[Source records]
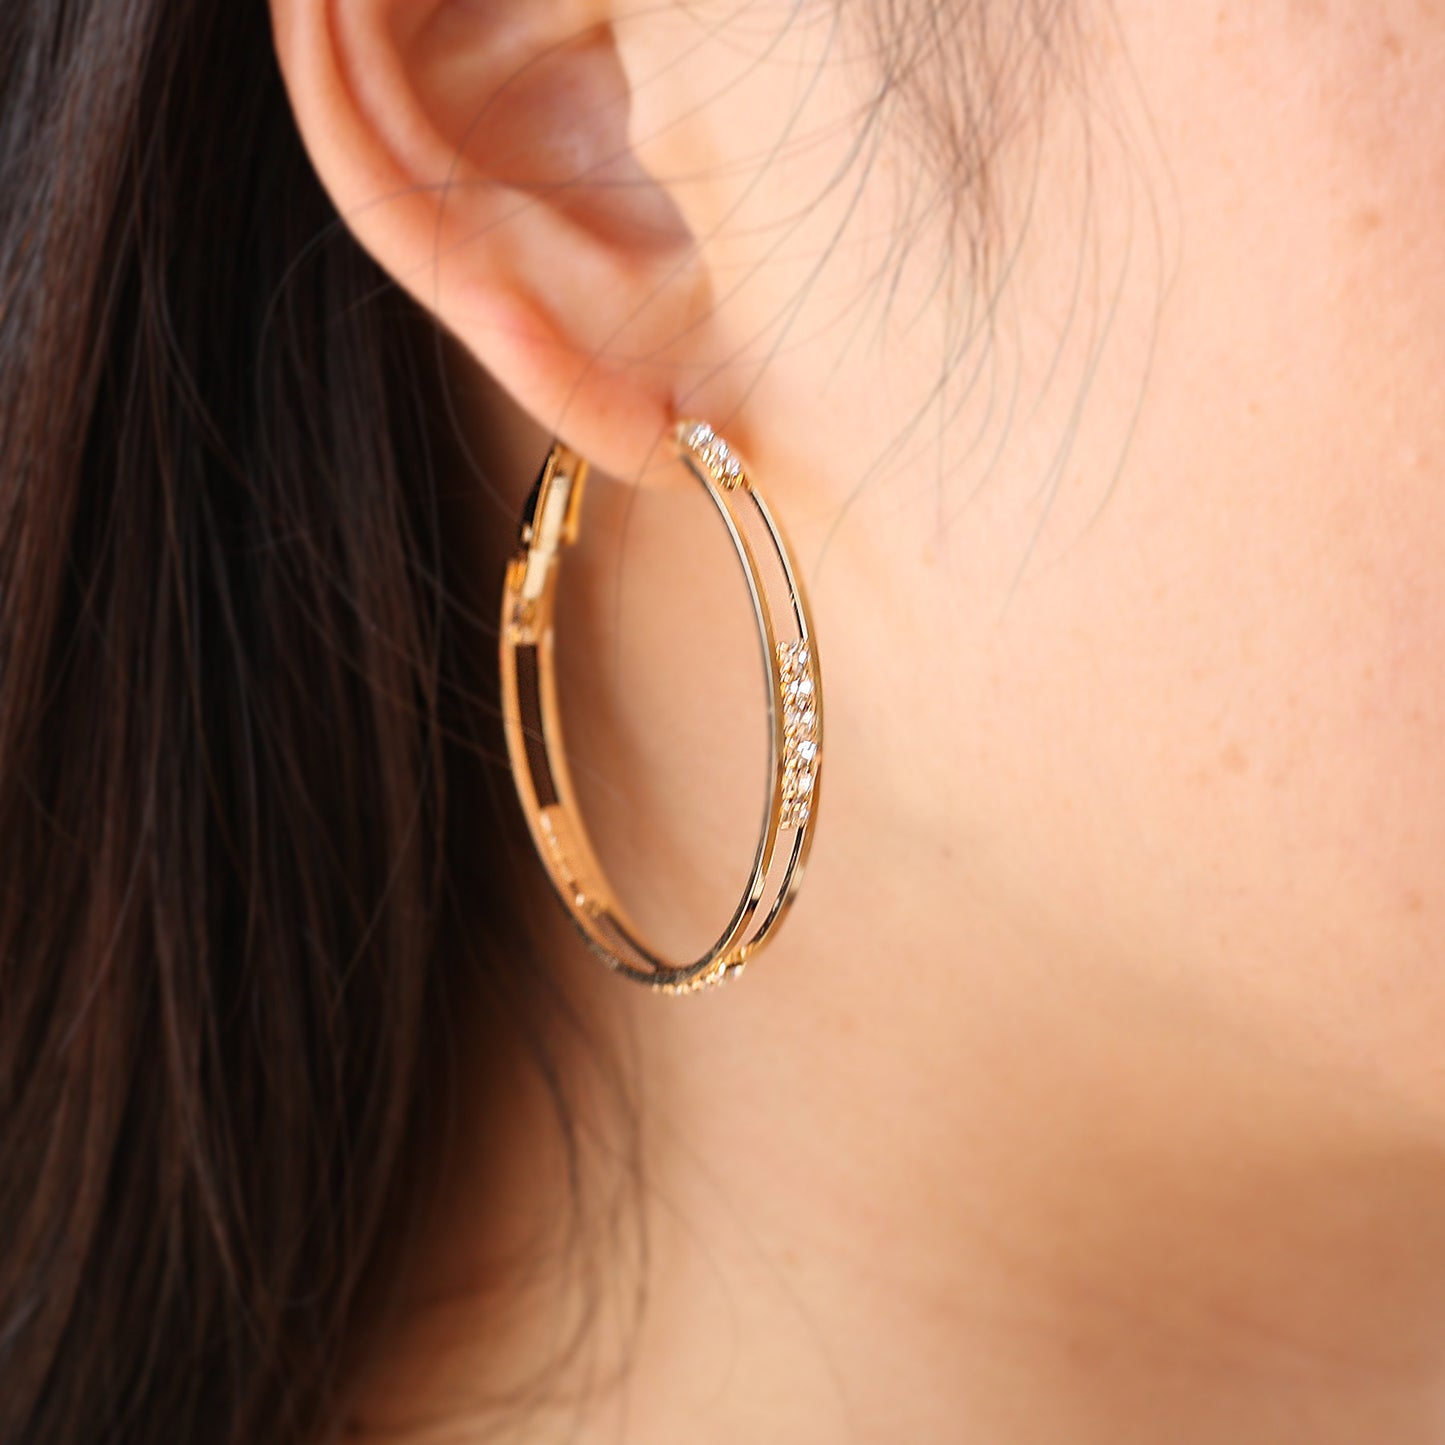 Premium Cubic Zirconia Interval Hoop Earrings - 14K Gold Filled
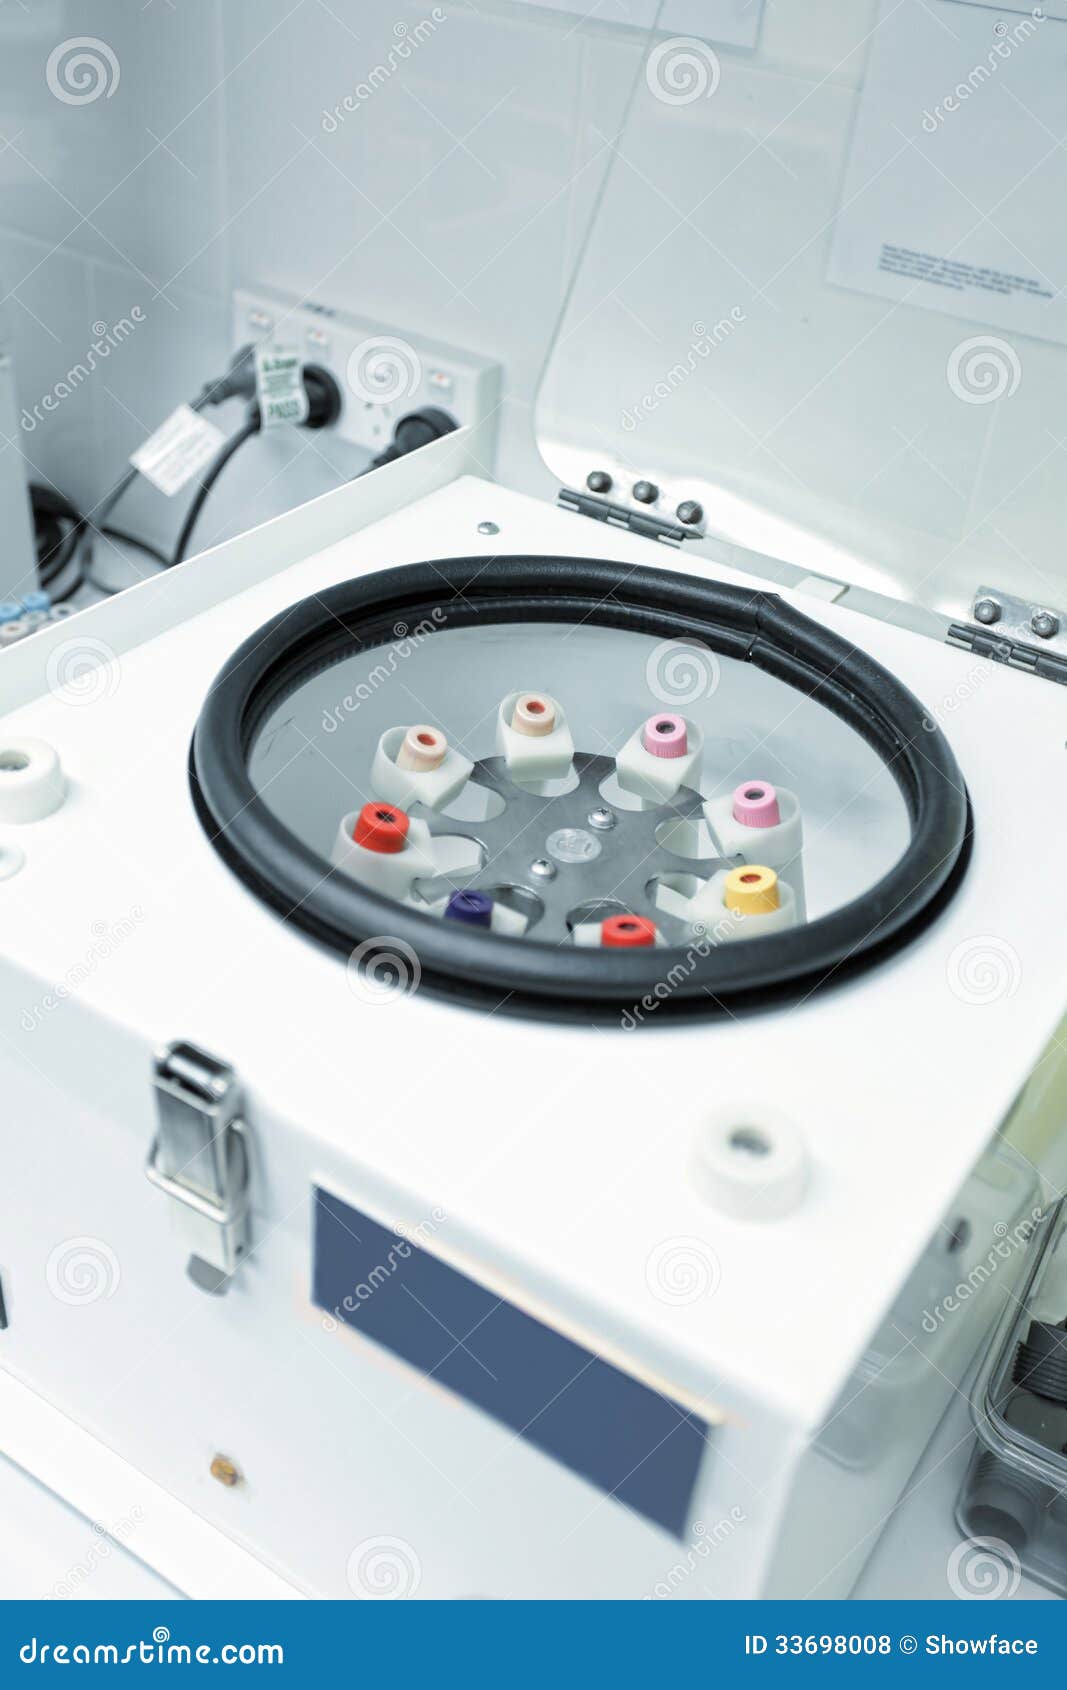 centrifuge with pathology blood tubes for spinning
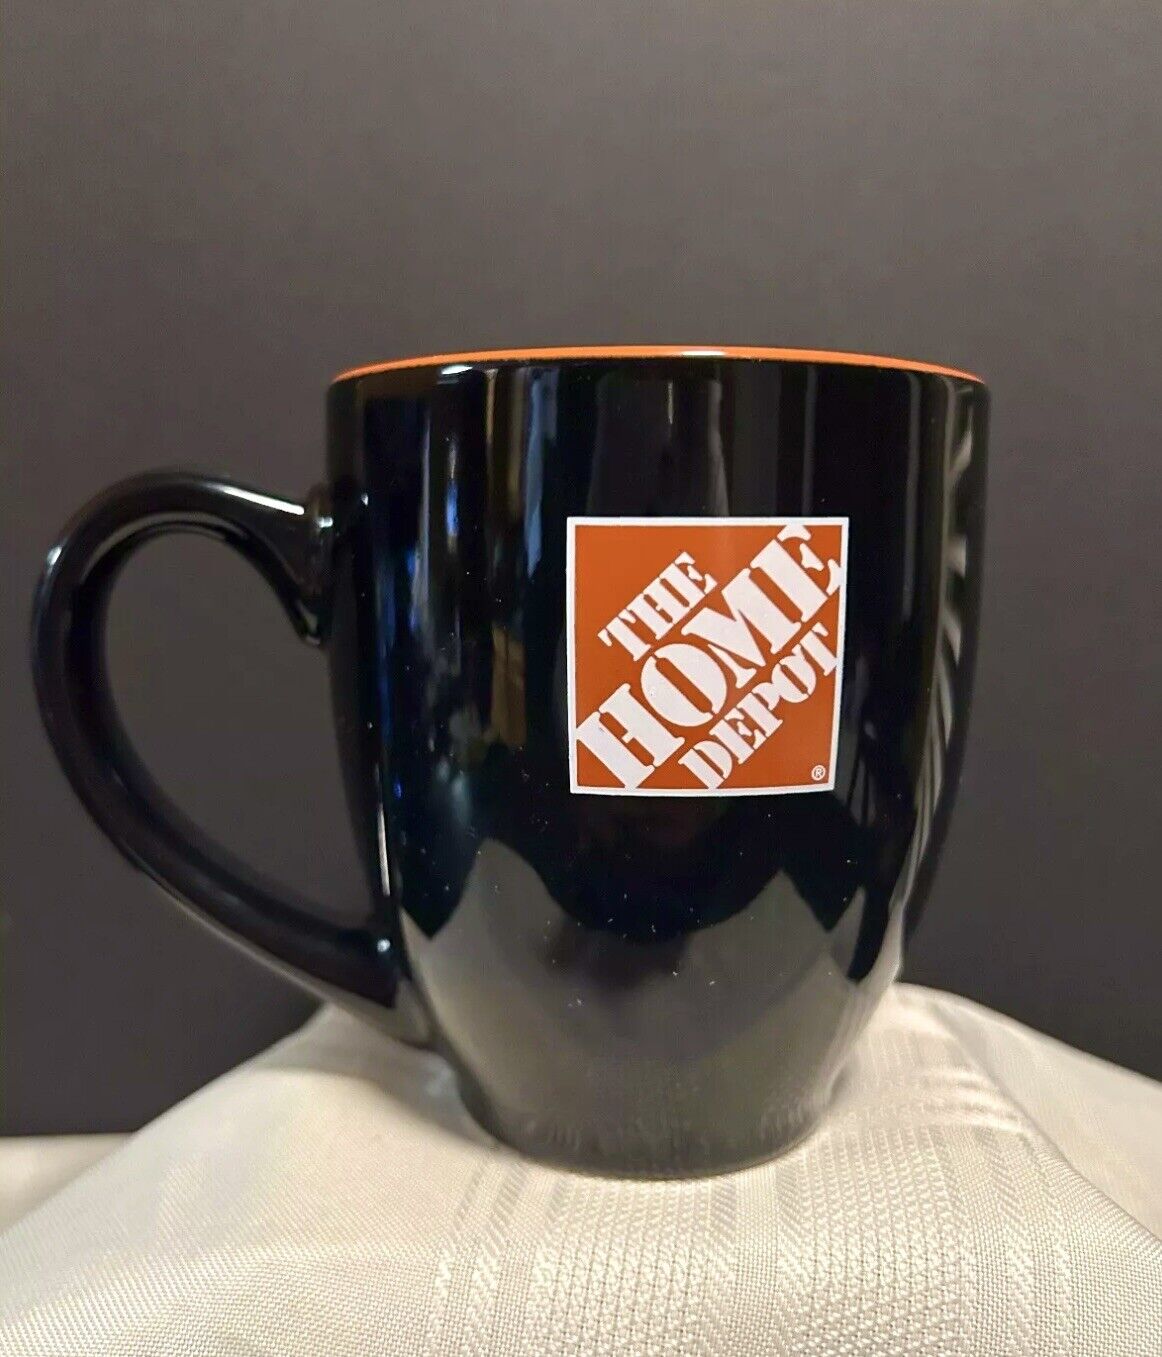 The Home Depot Black/Orange Coffee Cup Mug
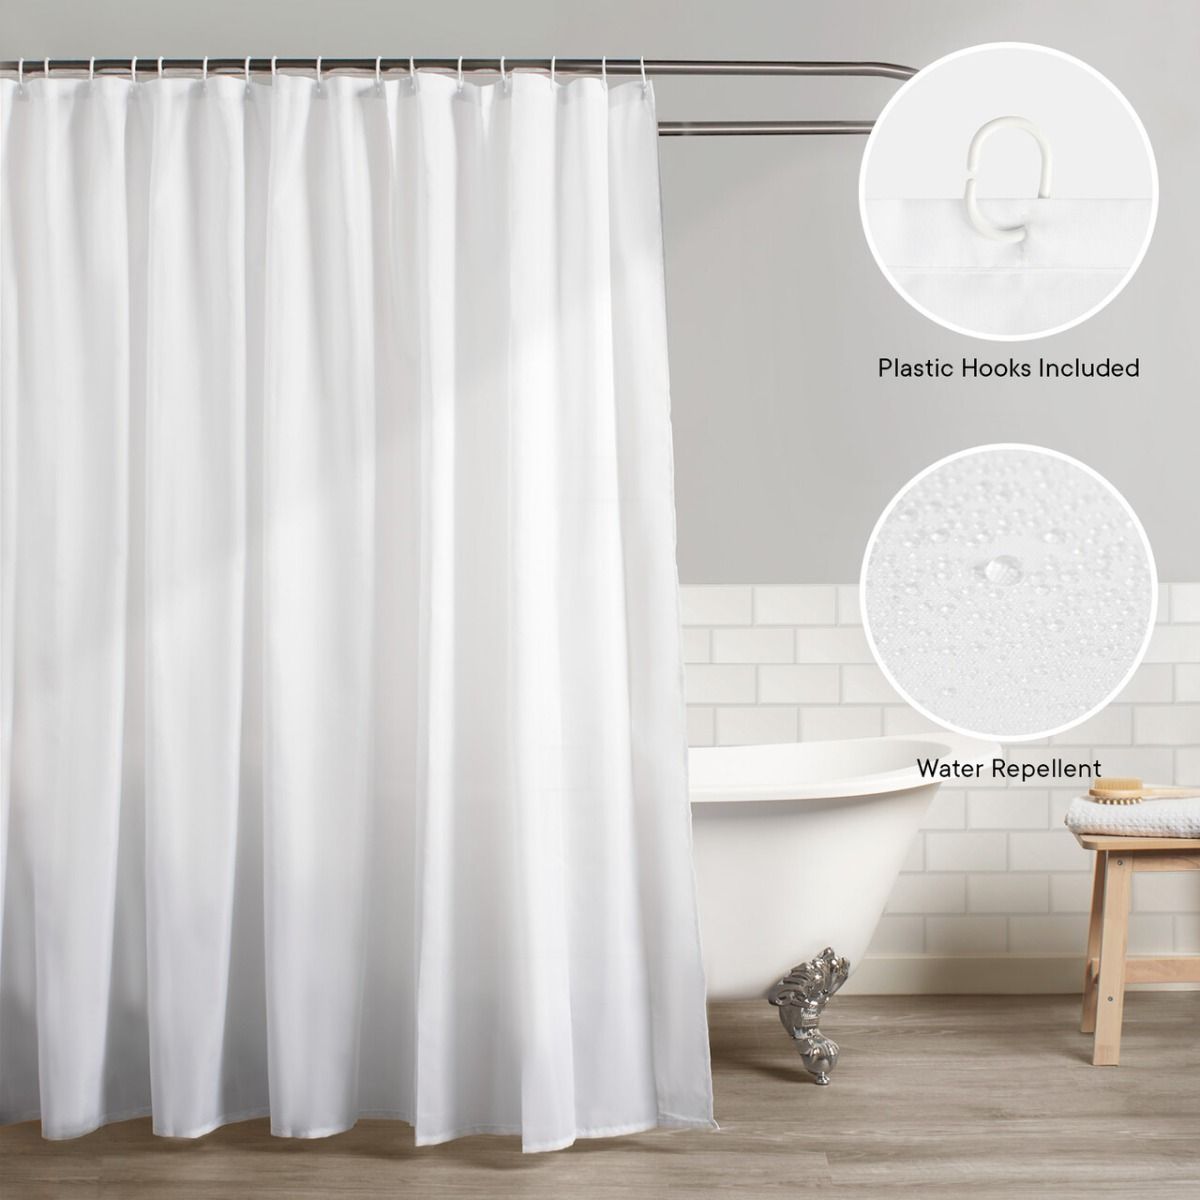 OHS Bathroom Shower Curtain - White
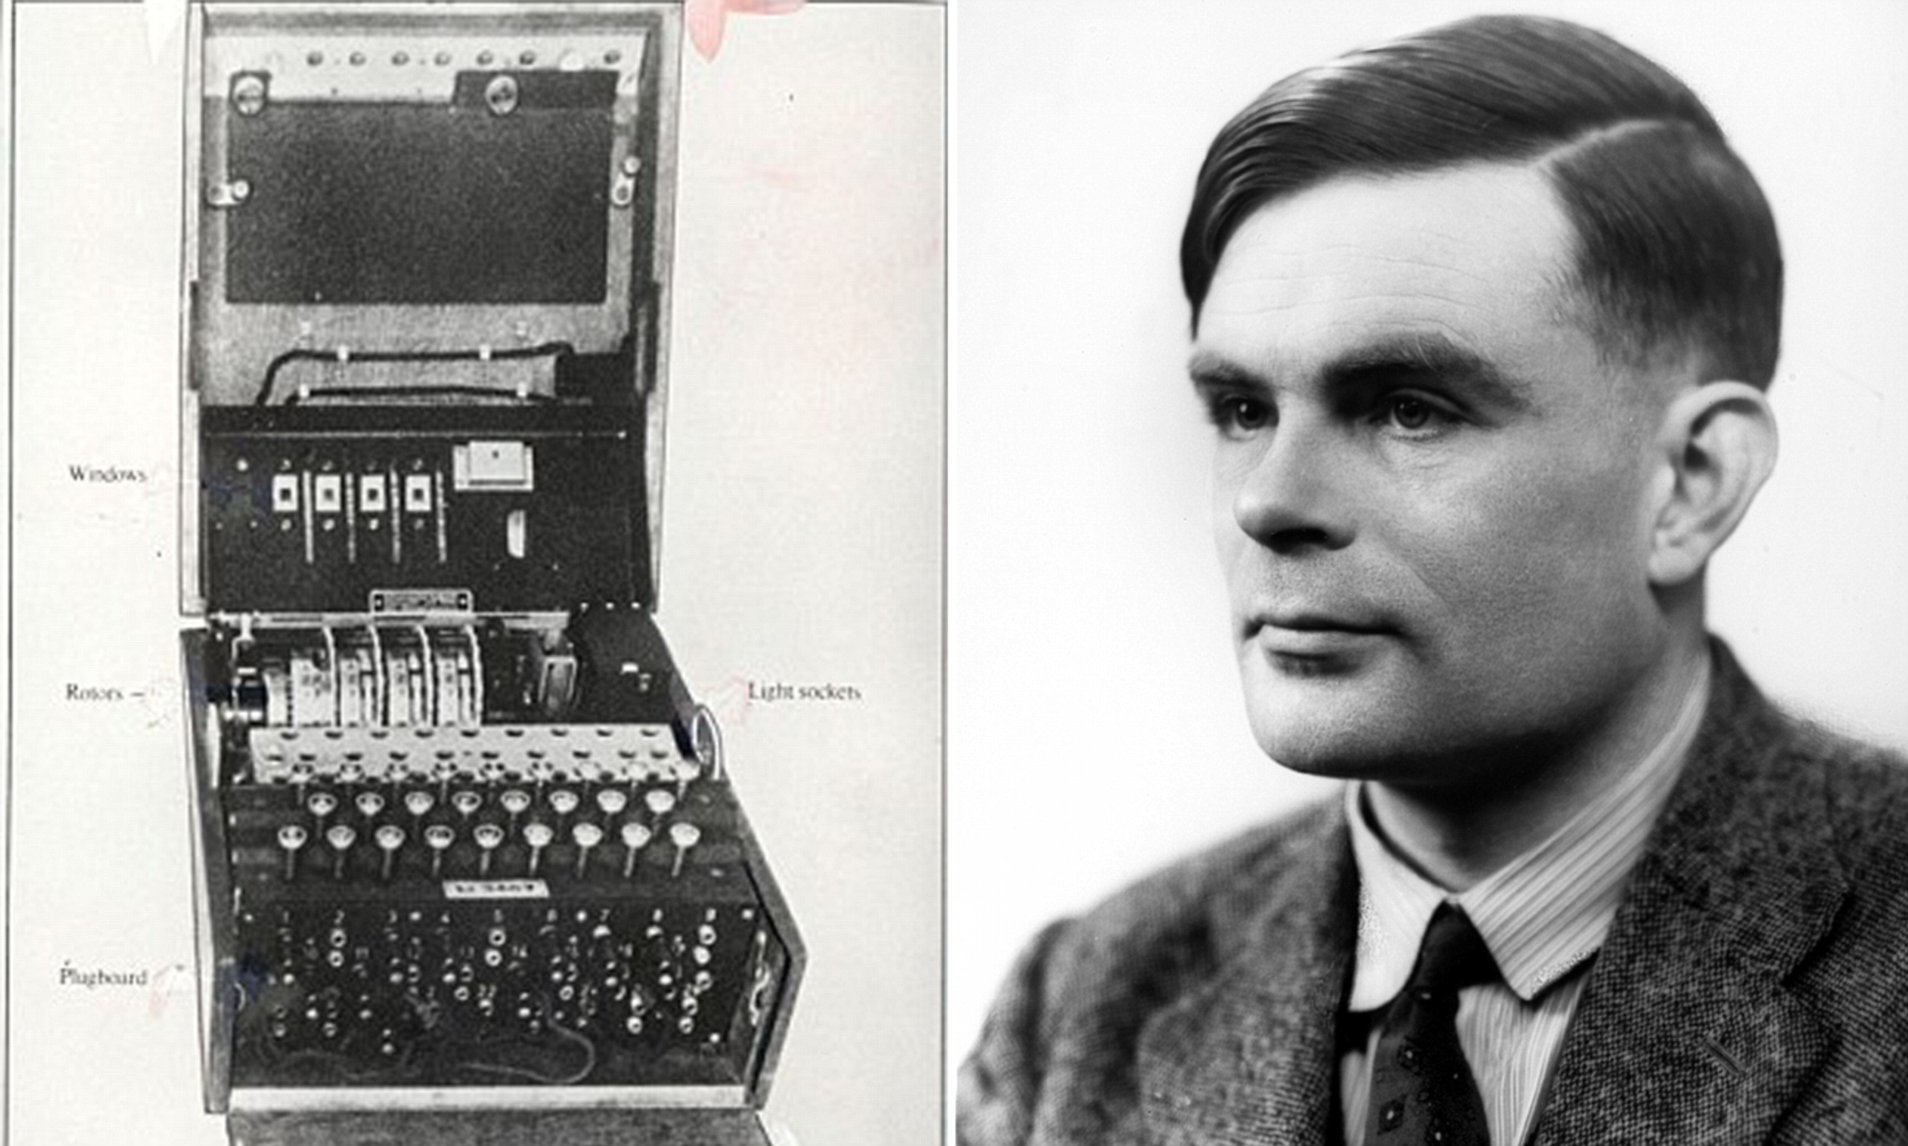 Alan Turing's The Bombe

**ASSIGNMENT**
Each line from the line containing "The Home Depot Black/Orange Coffee Cup Mug" through the final line of the data above must be retyped exactly; nothing else, and no pictures, may appear.

**TASK RESPONSE**
 The Home Depot Black/Orange Coffee Cup Mug
 OHS Bathroom Shower Curtain - White
 Alan Turing's The Bombe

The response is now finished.